Tiempos de Paz - Femineidad

De las pocas cualidades que permiten a una mujer adentrarse a los mundos que los hombres acostumbran, es la noche una de ellas. Baja de su departamento, en el quinto piso, hacia la bahía que se extiende a lo largo de un mar negro, casi muerto desde el final de la guerra. Los escalones de piedra y concreto emiten sonoros cantos al choque de los tacones en los zapatos negros y severos que la mujer utiliza.
Un fantasma escondido dentro de un cuerpo vestido de traje azul, con el cual sale aún arreglando el cuello de la camisa. Silueta bronceada que intenta engañar a los testigos de su paso. El viento marítimo sopla tratando de desgajar la piel falsa con la cual se ha revestido Ivanna. Es ella quien decide esconderse para jugar con los arcanos prohibidos.
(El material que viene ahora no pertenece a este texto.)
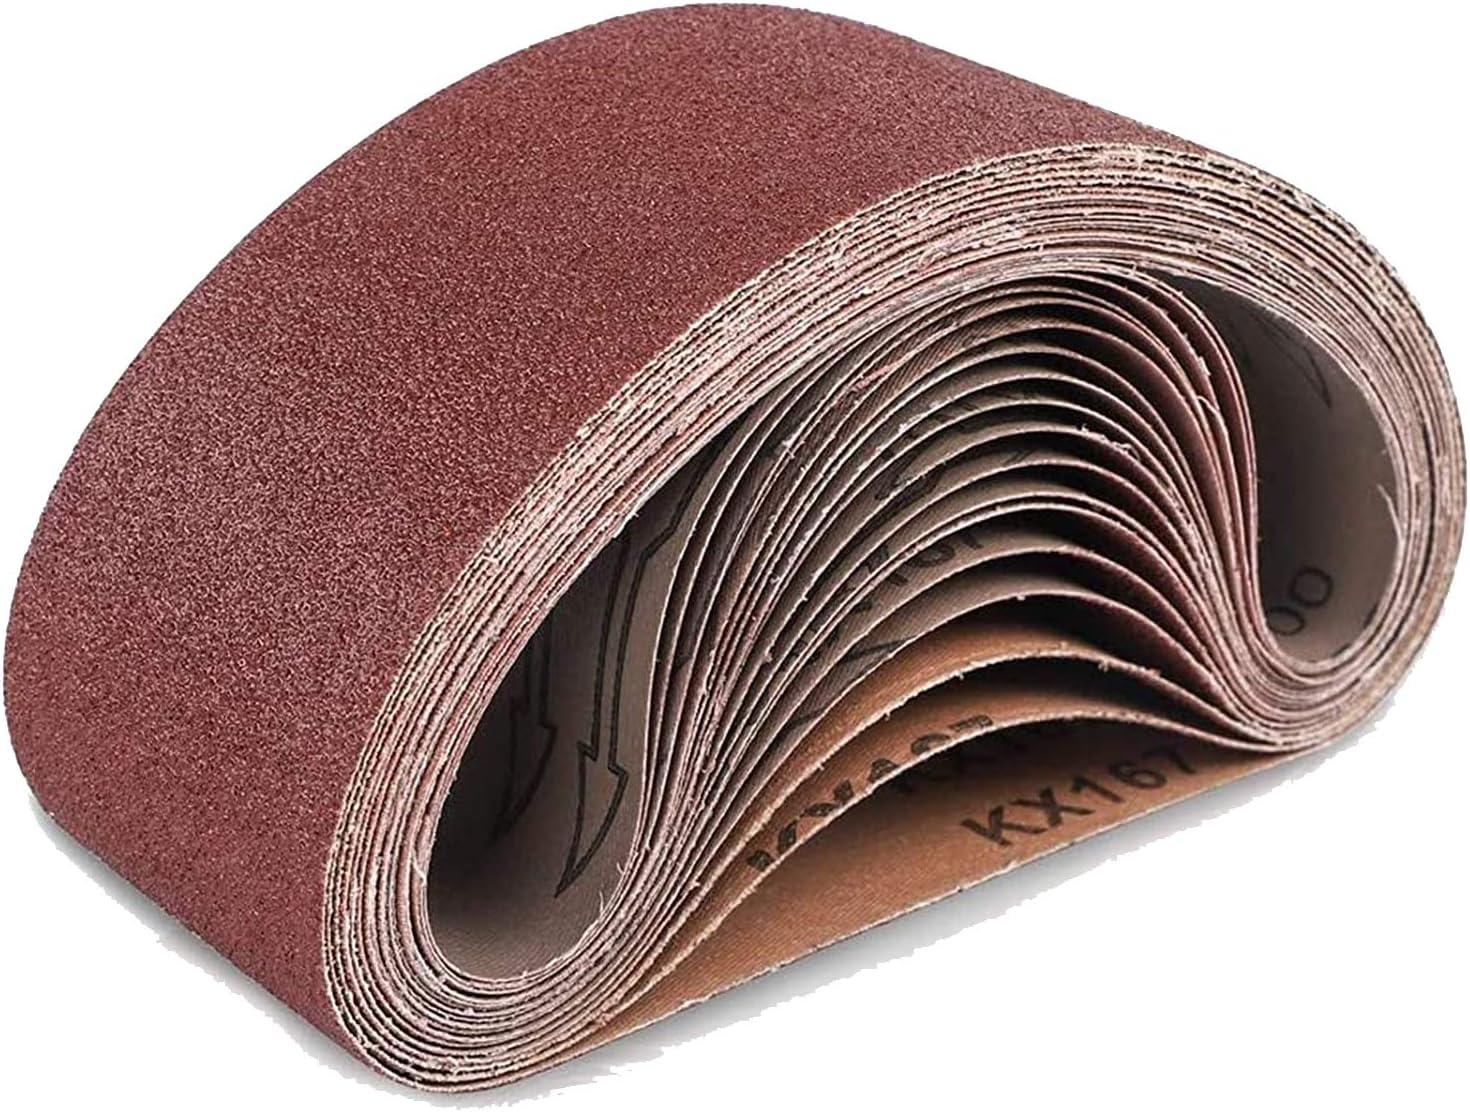 Remebe Lijadora de banda 75 x 533 mm Bandas de lijado Papel de lijadora de banda 40,60,80,120,180 Granos Banda de lijado de tela//tela Granos surtidos 10PCS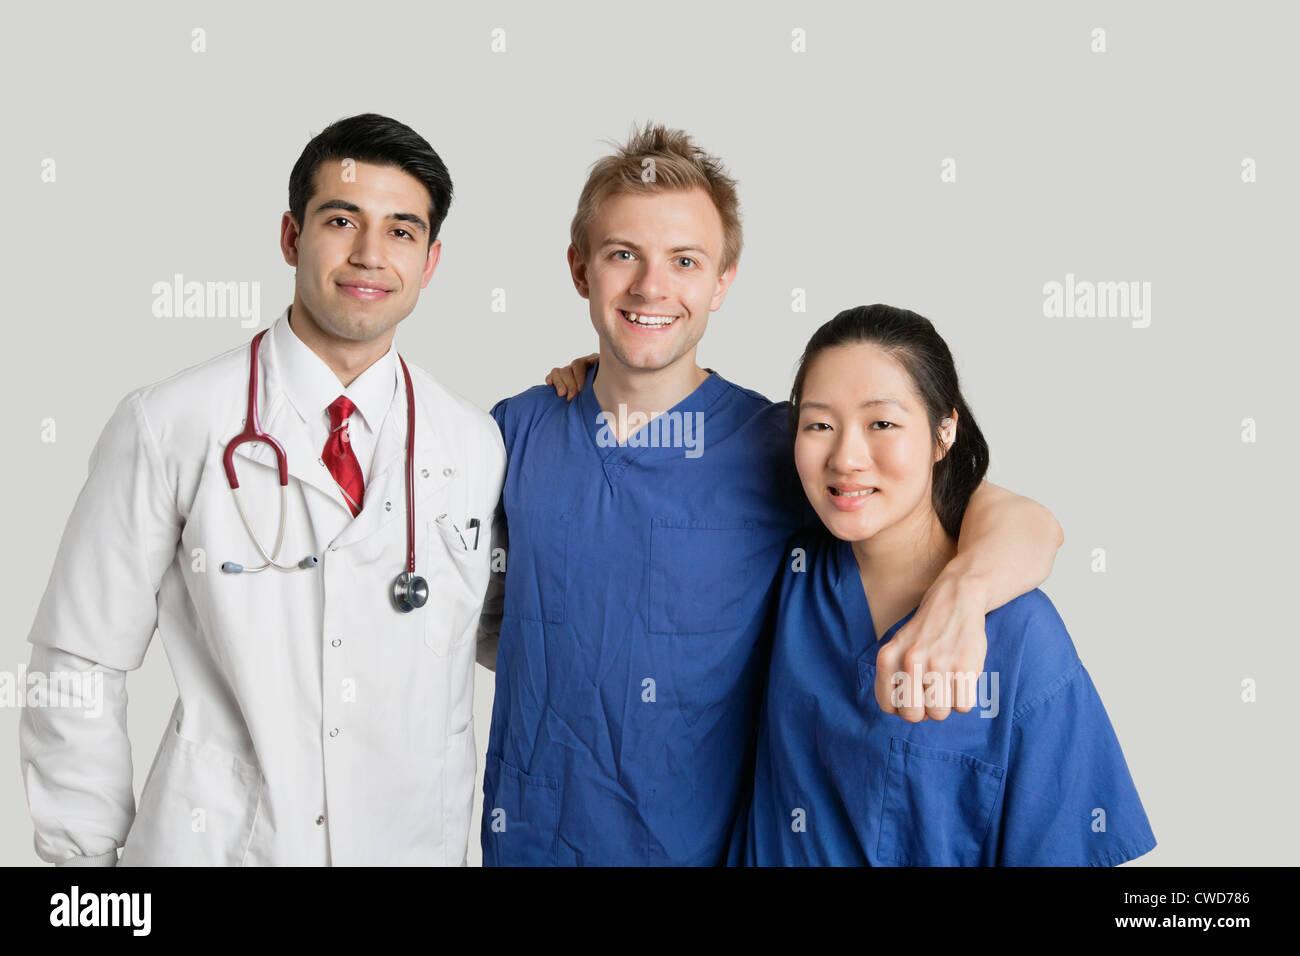 Retrato de simpático equipo médico parado sobre fondo gris Imagen De Stock

Firme, recta, dura, cualidades de una virilidad estereotipada. Cuerpo formado para un bello mozuelo, andar exótico para una voluptuosa mentira. Delgado, con recia faz de marcadas líneas y ligera sonrisa que labios pequeños y fríos crean. Lociones constituyen el espacio etéreo en el que se mueve la dama. Es que sin saberlo, o siquiera intentarlo, ella es capaz de generar una ilusión a su alrededor. Mas dentro de él, el disfraz evidenciado, palpita el signo de la feminidad. El alma candente de quien espera encontrar aquello olvidado. Sale pues, al exterior nocturno y las luces de las farolas juegan con las sombras llenando por completo la magia.
Sobre su rostro, unas lentes de marco grueso esconden la enigmática profundidad de una mirada fascinante. Su cabello largo cae y gira revolviéndose imposible de contener, enmarañado y terco como el de un hombre brusco. Ella camina como si fuera un él. Olores que las olas emiten penetran hasta su pecho y son exhalados con todo el miedo que ésta noche pueda traer consigo. Camina y nadie nota su singular presencia.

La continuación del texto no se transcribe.